Jim’s obvious antecedent is the prep-school cynic Holden Caulfield, but Shanley makes deliberate reversals: Caulfield happily ditches school for a week in the city, but Jim is terrified of being banished from idyllic New England. Caulfield is enraged by an obscenity he sees scrawled on a wall in his sister’s elementary school, but Jim defiantly chalks a large FUCK YOU on a blackboard. Beyond such literary echoes (Jim’s also a kind of Young Werther of Throgs Neck), Prodigal Son is pure, splendid Shanley: shaggily idealistic and always scratching a philosophical itch underneath jokes and banter.
He directs his own production with a tender hand, moving five actors about on Santo Loquasto’s spare, efficient set (interiors on platforms that slide on and off the deck). Like Doubt, the play is lean and cool-headed, but it contains one or two emotional explosions that cast the previous action in a new light. Leonard is his usual witty, affable self, and Chris McGarry and Annika Boras do fine, understated work as the headmaster and his wife.

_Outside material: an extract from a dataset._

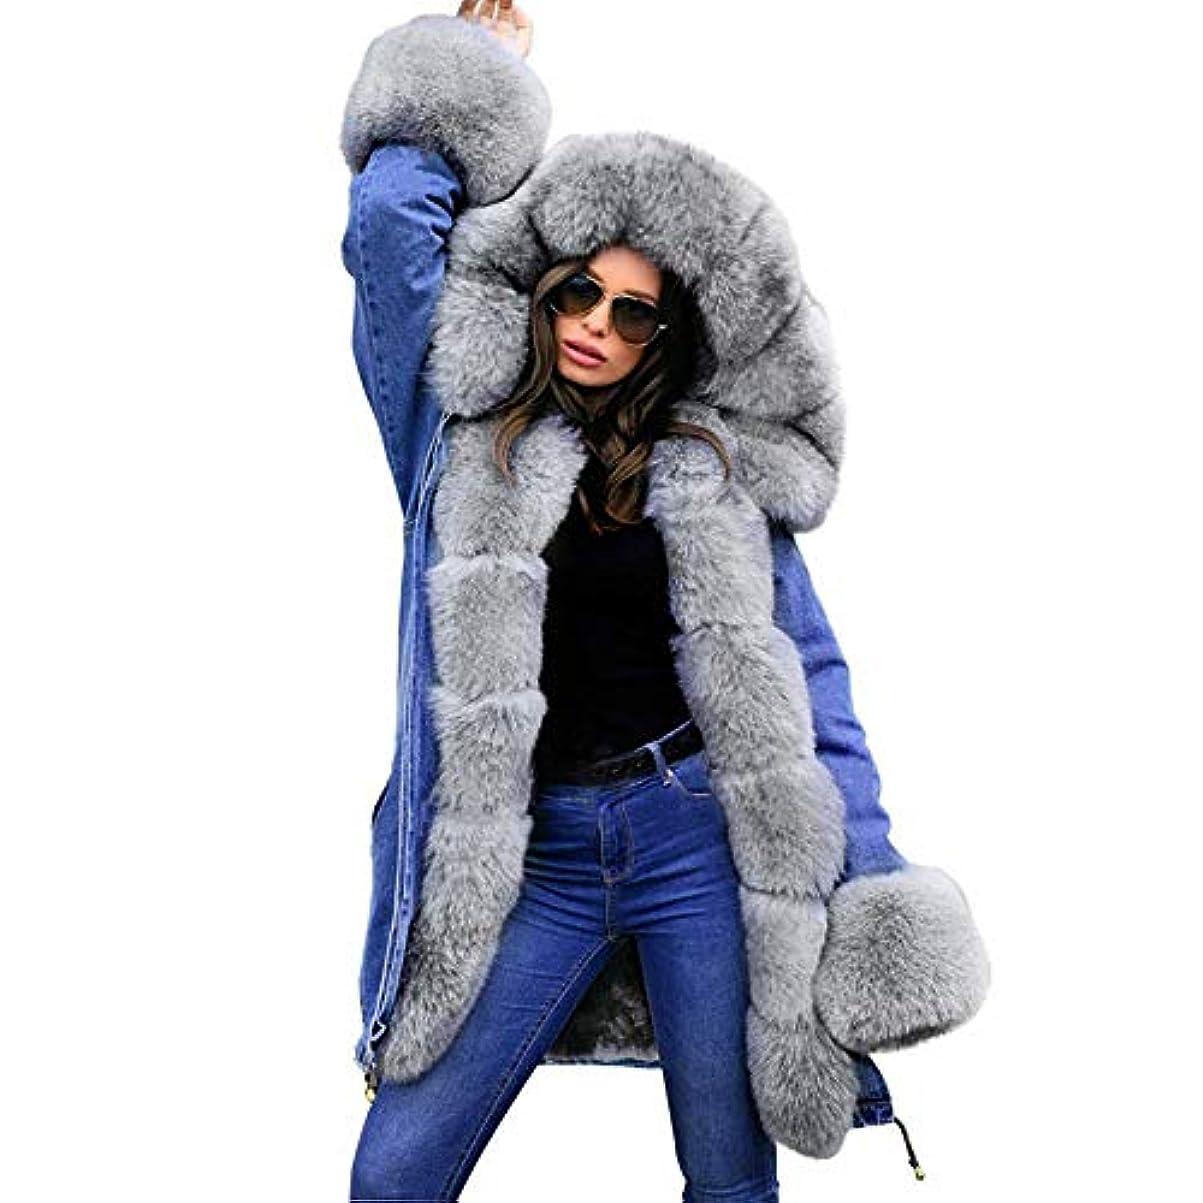 間違えた塩辛いシート冬の女性のフード付きコートの毛皮の襟暖かいロングコートの女性の冬のジャケット女性のアウター,XL

But the night’s revelation is lanky Chalamet as Jim, nailing the Shanley accent and swagger. He gives one of the most impressive stage debuts I’ve seen in years. Cagey, bashful, cocky, then crumpled with shame, he makes you feel Jim’s growing pains—body and mind. The Prodigal Son spent it all, but this actor has wealth in reserve.—David Cote
Manhattan Theatre Club (Off Broadway). Written and directed by John Patrick Shanley. With Timothée Chalamet, Robert Sean Leonard, Chris McGarry, Annika Boras, David Potters. Running time: 1hr 35mins. No intermission.